Ann Coulter penned a spoof about soccer yesterday that I’m certain left many soccer fans feeling butt-hurt. She fell short of explaining, as Bobby’s dad did in King of the Hill, that “soccer was invented by European ladies to keep them busy while their husbands did the cooking.”
Honestly, I can’t get into the
futbol thing. I’ve tried. Lord knows I’ve tried. Team USA is in the so-called Group of Death. Group of Death? C’mon man.
Every time one of these guys trips on a blade of grass they roll around
on the turf writhing in pain. What a bunch of babies.
I tried again today to watch a game starring Team USA. I know what to do when a real football game is on. Invite a bunch of friends over to pig out on chips, burgers, wings—you know—party chow.
What does one do for a soccer game that airs at noon on a Thursday?
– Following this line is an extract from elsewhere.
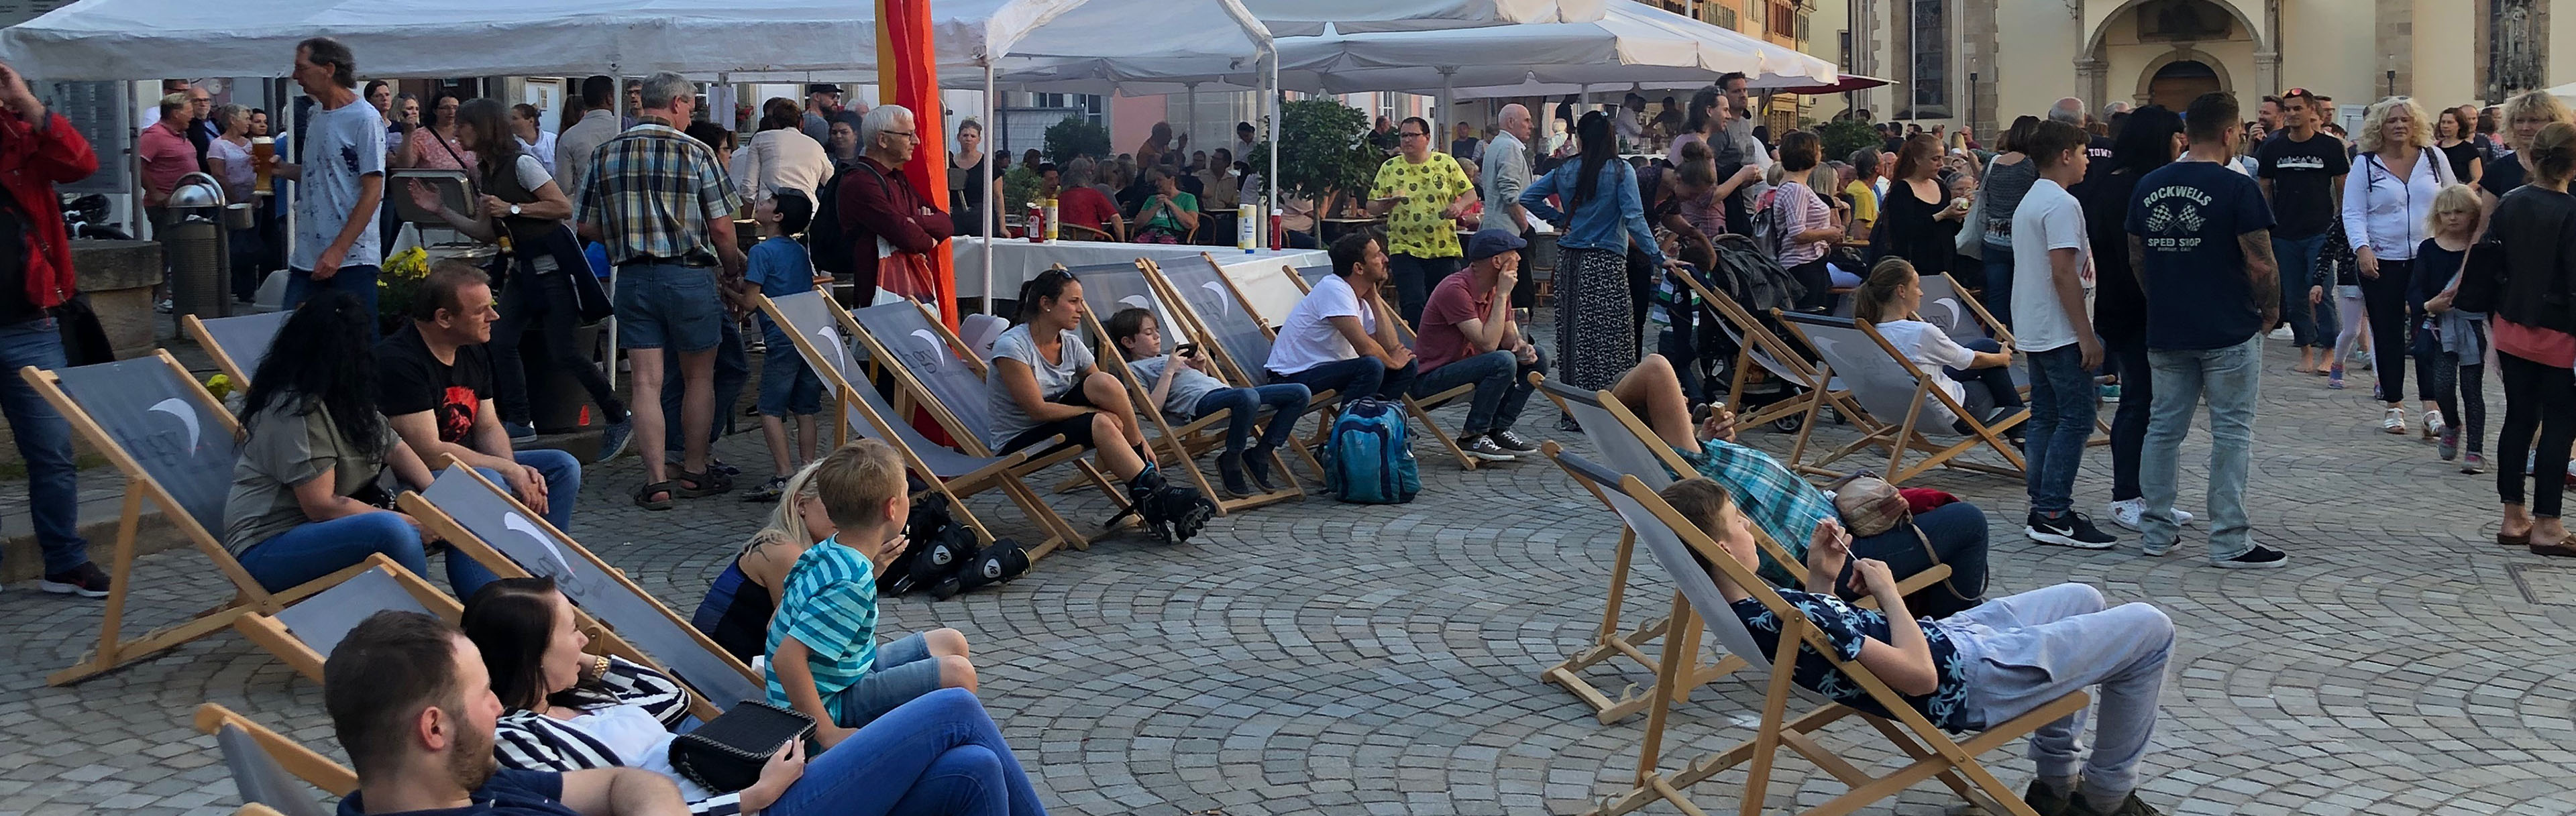 Menschen in Liegestühlen auf dem Marktplatz

I had Chinese delivered: hot and spicy shrimp, lobster fried rice, teriyaki chicken on a stick and Sa Cha chicken.
I fluffed up the pillows, put some of the tasty morsels in a bowl for Sophie my furkid to partake of and proceeded to watch men getting drenched in a torrential downpour kick the ball to and fro for an hour-and-a-half and once, only once, did the pretty little ball go in the pretty little net at the end of the rain-soaked field for a goooooooaaaaaalllllll.
Not even “Teddy Goalsevelt” could whip up any excitement in me for today’s game. How is it even possible that you can lose a game and still win? That’s f’d up.
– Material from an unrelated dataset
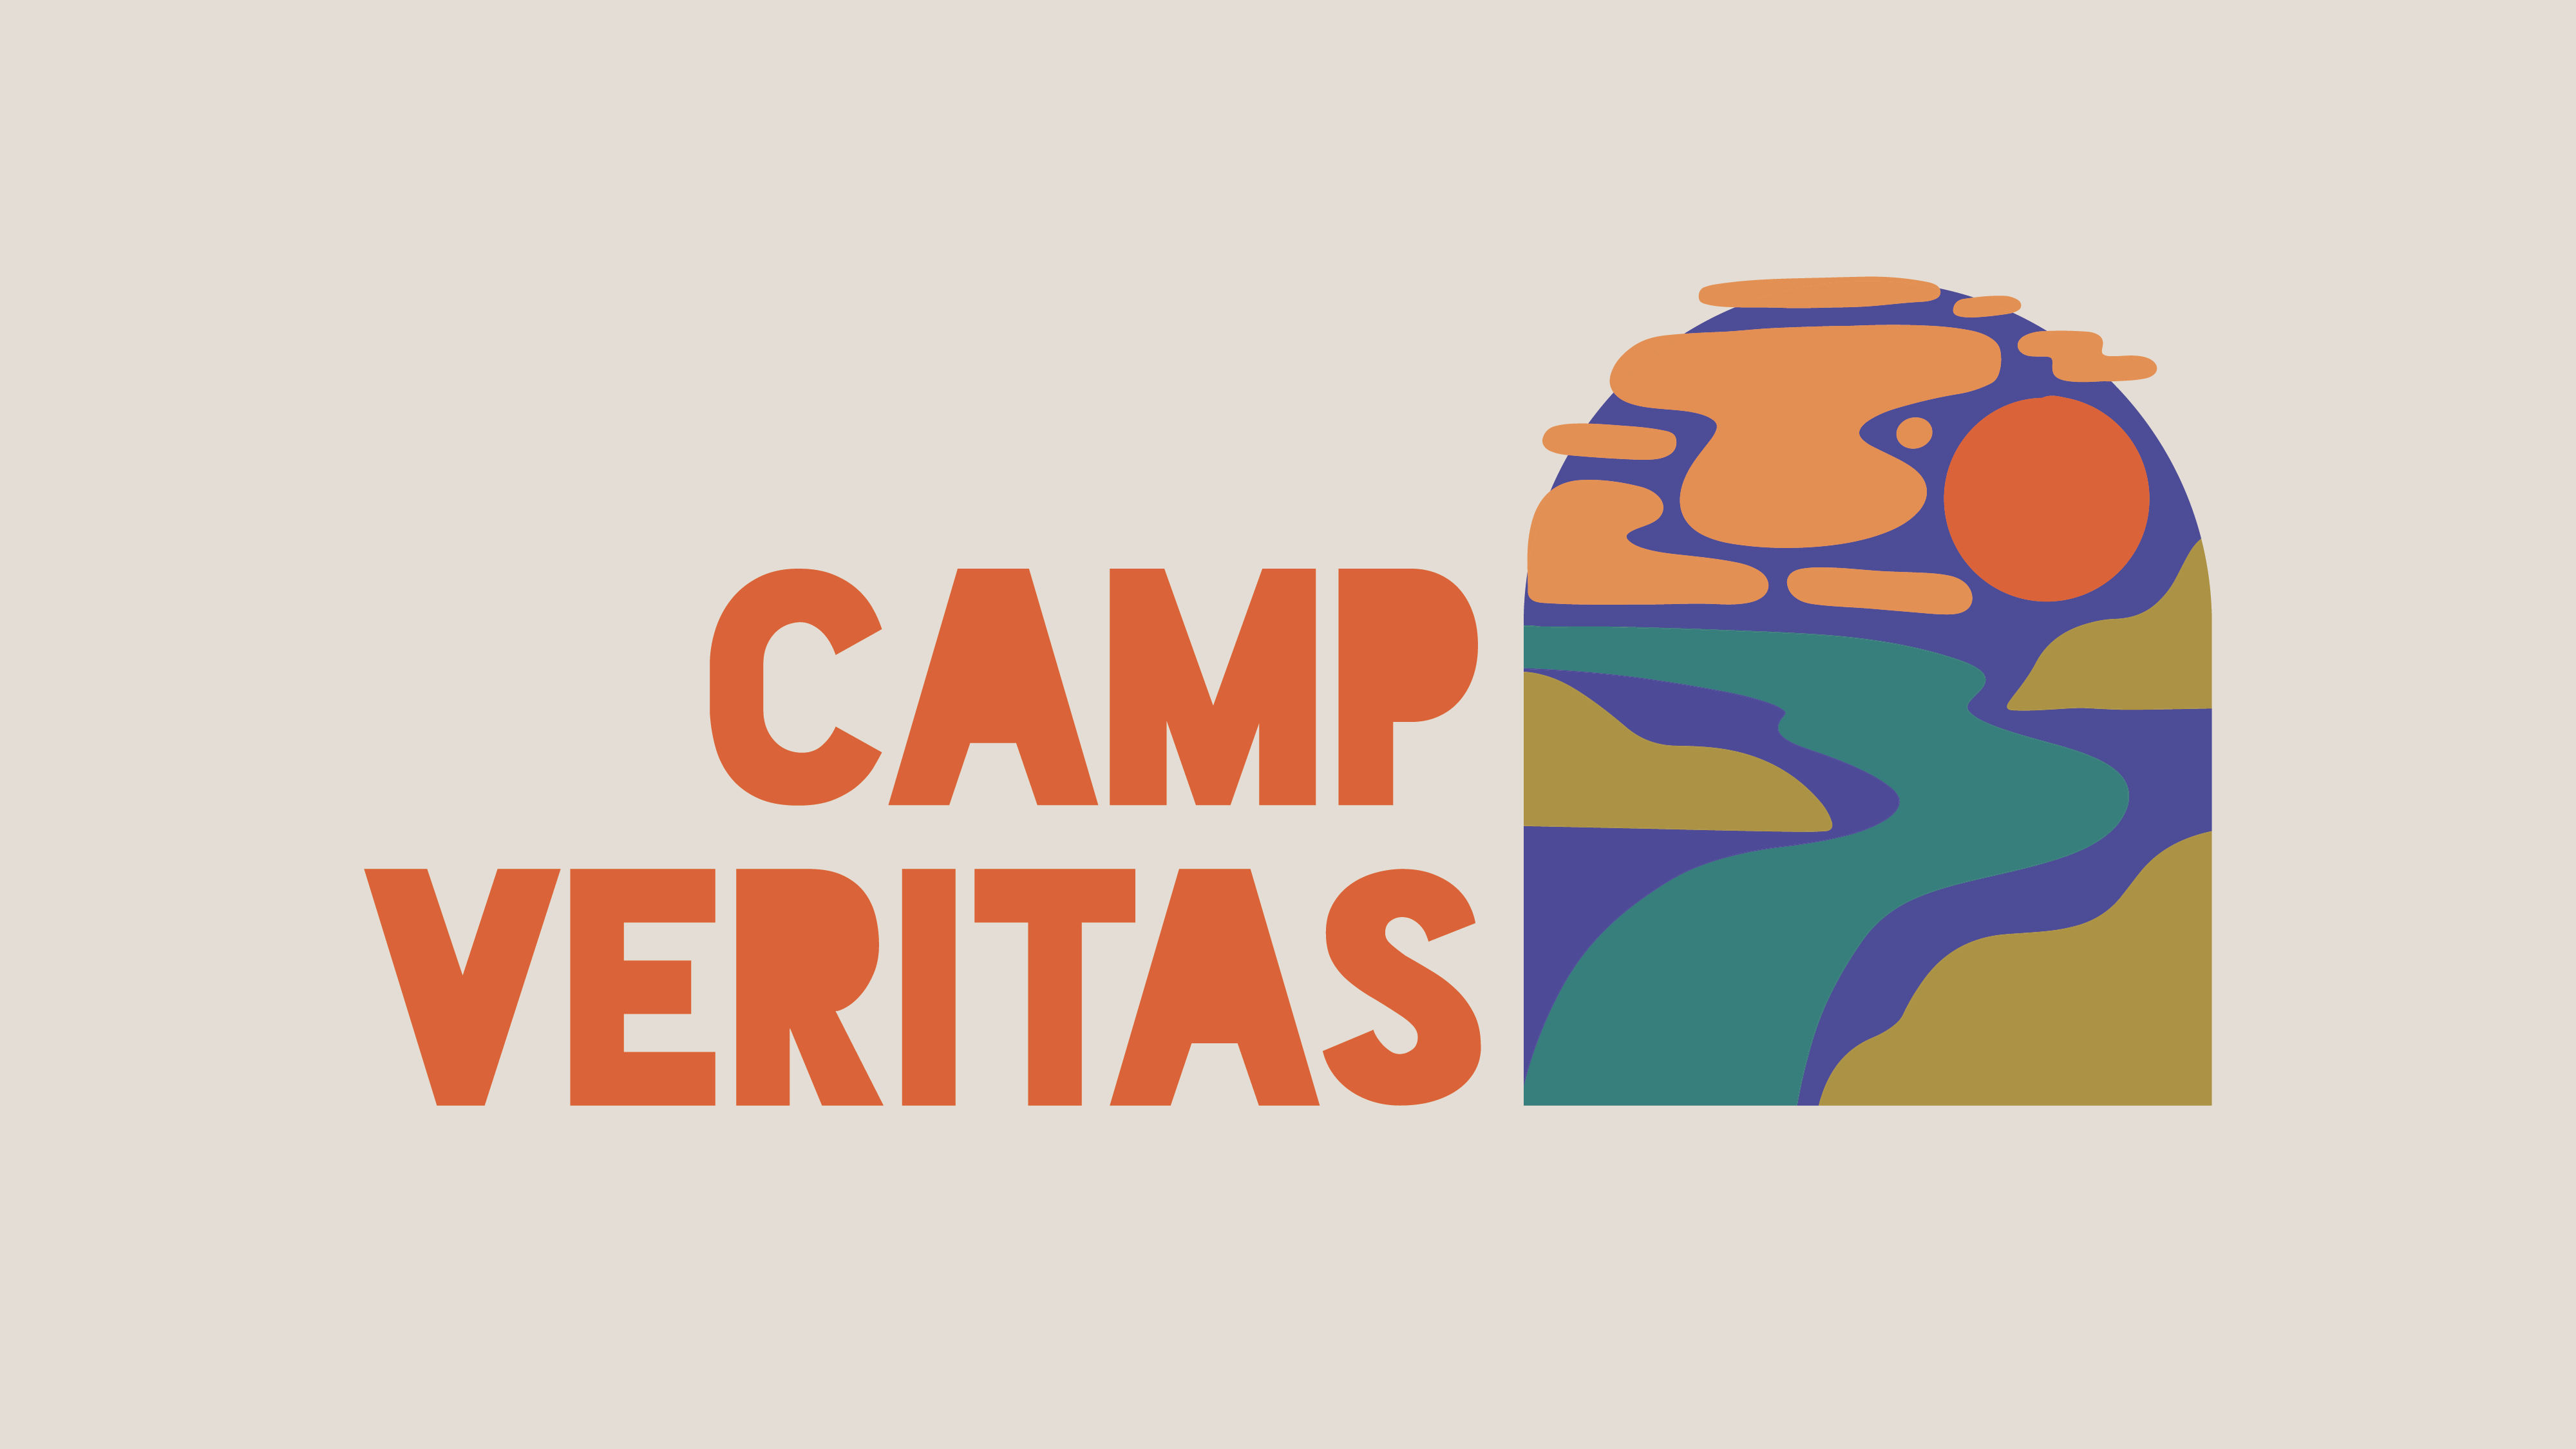 Camp Veritas

I’m in the camp with Triumph the Insult Comic Dog who reported from the streets of Queens, NY, "Tens of thousands of Africans, Europeans and South Americans are converging in Brazil to create a flash mob of horrible BO. The rest of the world calls it futbol. In America, we call it a fucking waste of time…You have to love soccer: the excitement of minimal contact, the thrill of low scoring. If you like watching porn in reverse, this sport is for you.”